Caillebotte was a lawyer who came from a wealthy family. A large inheritance in 1873 enabled him to pursue painting and gardening. Caillebotte often painted street scenes characterized by a distinctive plunging perspective and unexpected angles of vision. His large-scale urban scenes were especially praised in the press in 1877 and 1878 while those of the other impressionists were strongly criticized. After this, Caillebotte focused on boating and swimming scenes, often working at his estate near the Yerres River outside Paris.

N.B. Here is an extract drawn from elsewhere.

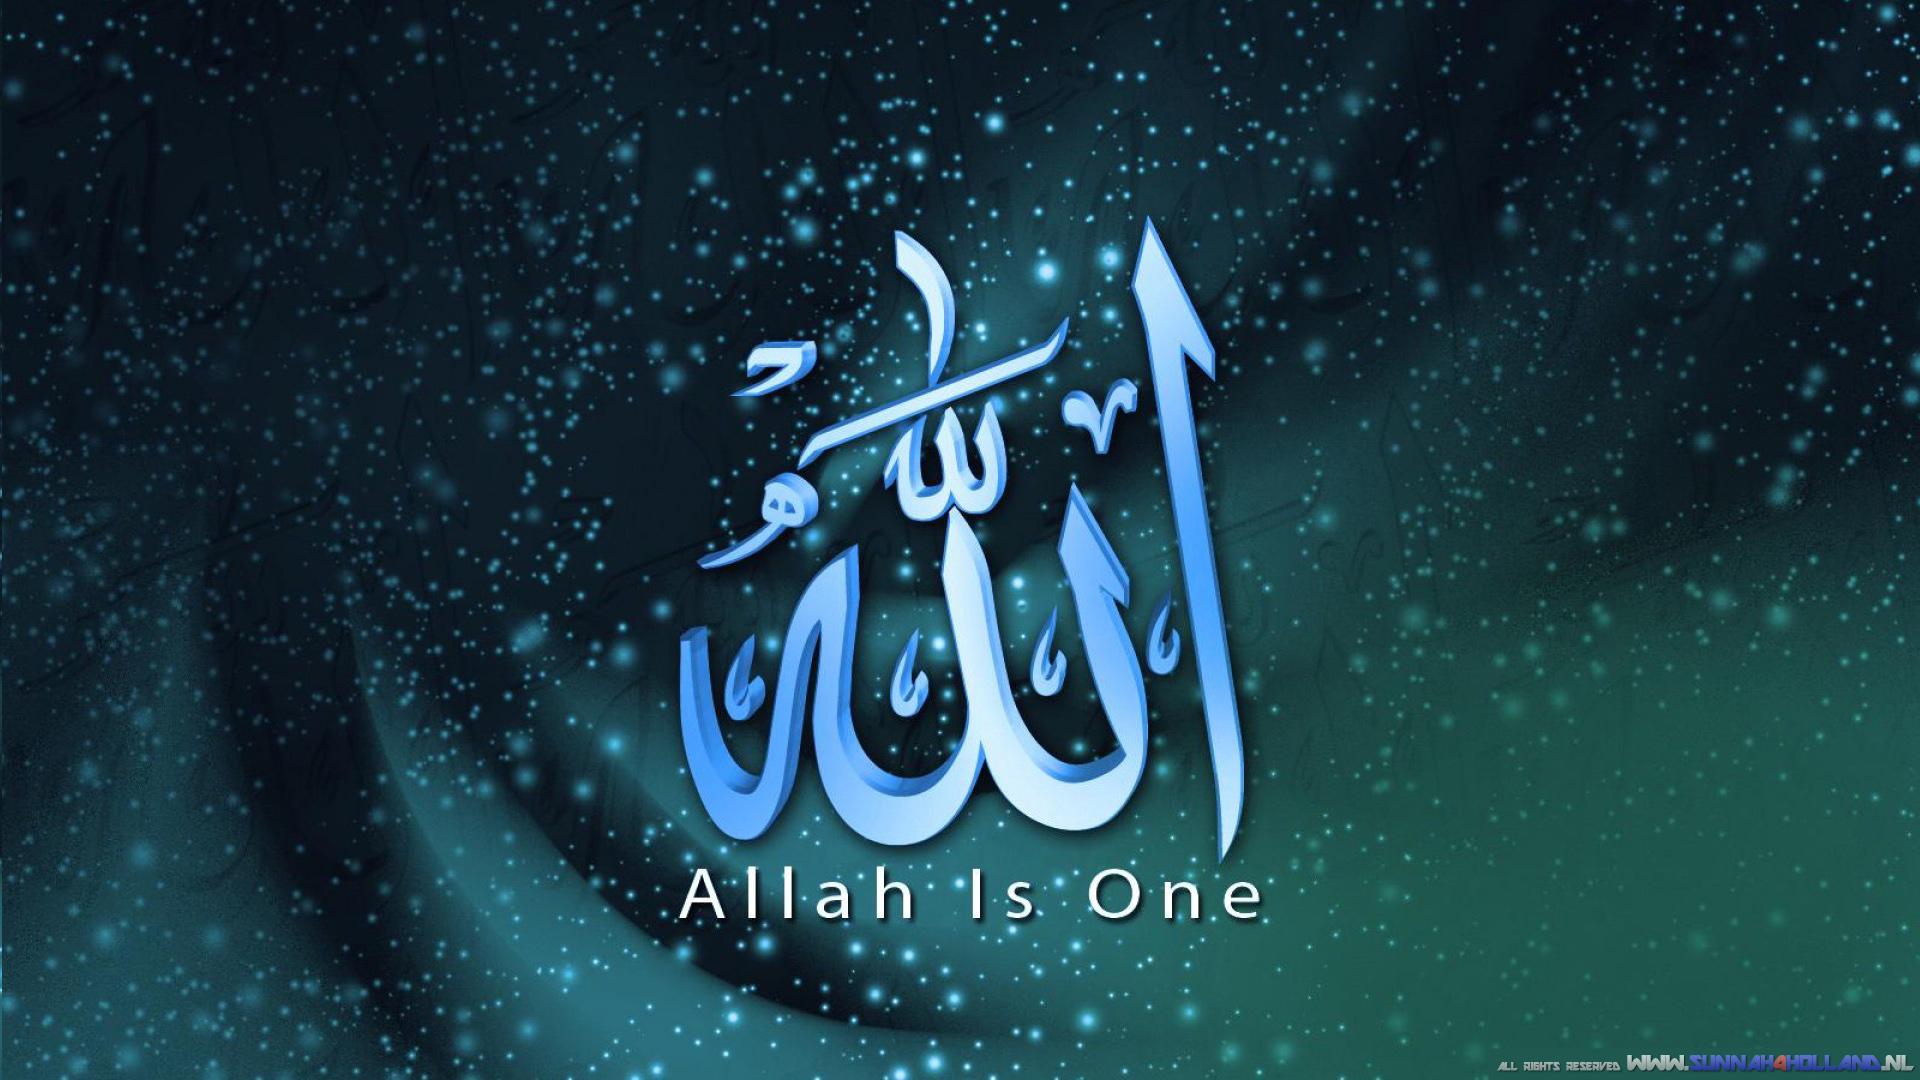 Allah Is One Wallpaper 1920X1080 HD Widescreen 1920x1080

Caillebotte became an important figure in impressionist circles. In addition to his role as a painter, he promoted some of the impressionist group shows and was a patron of artists such as Claude Monet, Auguste Renoir, and Paul Cézanne. His painting style remained more closely tied to realism than impressionism, but he did adopt the bright colors, loose brushwork, and interest in light that united the group. His subjects domestic interiors, urban scenes, bathers, and boaters were typical of the impressionists.